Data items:
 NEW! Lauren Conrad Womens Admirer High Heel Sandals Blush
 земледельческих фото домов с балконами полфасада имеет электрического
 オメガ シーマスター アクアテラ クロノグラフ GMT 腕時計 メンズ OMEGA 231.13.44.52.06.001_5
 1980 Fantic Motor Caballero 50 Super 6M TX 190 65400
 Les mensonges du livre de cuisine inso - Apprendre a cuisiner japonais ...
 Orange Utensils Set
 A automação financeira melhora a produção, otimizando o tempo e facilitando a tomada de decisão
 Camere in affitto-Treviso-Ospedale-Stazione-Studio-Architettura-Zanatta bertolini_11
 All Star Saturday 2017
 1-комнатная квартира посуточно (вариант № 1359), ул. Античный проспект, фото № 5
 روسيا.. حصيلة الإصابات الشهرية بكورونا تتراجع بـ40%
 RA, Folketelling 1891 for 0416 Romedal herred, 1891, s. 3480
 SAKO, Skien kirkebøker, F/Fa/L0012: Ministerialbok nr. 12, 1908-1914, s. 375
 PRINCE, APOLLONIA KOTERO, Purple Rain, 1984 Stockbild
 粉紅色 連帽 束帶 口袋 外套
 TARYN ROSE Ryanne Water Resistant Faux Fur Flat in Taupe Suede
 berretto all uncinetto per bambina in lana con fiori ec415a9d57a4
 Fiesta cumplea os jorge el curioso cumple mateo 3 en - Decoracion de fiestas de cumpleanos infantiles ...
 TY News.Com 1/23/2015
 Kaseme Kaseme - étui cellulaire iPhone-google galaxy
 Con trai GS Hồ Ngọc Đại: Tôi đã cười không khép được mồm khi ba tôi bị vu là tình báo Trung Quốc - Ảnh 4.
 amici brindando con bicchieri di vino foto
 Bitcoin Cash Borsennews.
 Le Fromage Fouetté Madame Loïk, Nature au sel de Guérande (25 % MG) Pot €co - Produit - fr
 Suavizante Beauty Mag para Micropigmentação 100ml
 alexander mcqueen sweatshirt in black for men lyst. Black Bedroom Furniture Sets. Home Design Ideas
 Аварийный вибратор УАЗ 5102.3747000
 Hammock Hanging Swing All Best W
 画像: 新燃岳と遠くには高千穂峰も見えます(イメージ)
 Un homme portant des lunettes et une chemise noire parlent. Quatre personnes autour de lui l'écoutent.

- **DESCRIPTION OF THE TASK**: Exactly the lines from the one holding "berretto all uncinetto" through the end of the records above are to be returned, and nothing else.

- **SOLUTION**:
 berretto all uncinetto per bambina in lana con fiori ec415a9d57a4
 Fiesta cumplea os jorge el curioso cumple mateo 3 en - Decoracion de fiestas de cumpleanos infantiles ...
 TY News.Com 1/23/2015
 Kaseme Kaseme - étui cellulaire iPhone-google galaxy
 Con trai GS Hồ Ngọc Đại: Tôi đã cười không khép được mồm khi ba tôi bị vu là tình báo Trung Quốc - Ảnh 4.
 amici brindando con bicchieri di vino foto
 Bitcoin Cash Borsennews.
 Le Fromage Fouetté Madame Loïk, Nature au sel de Guérande (25 % MG) Pot €co - Produit - fr
 Suavizante Beauty Mag para Micropigmentação 100ml
 alexander mcqueen sweatshirt in black for men lyst. Black Bedroom Furniture Sets. Home Design Ideas
 Аварийный вибратор УАЗ 5102.3747000
 Hammock Hanging Swing All Best W
 画像: 新燃岳と遠くには高千穂峰も見えます(イメージ)
 Un homme portant des lunettes et une chemise noire parlent. Quatre personnes autour de lui l'écoutent.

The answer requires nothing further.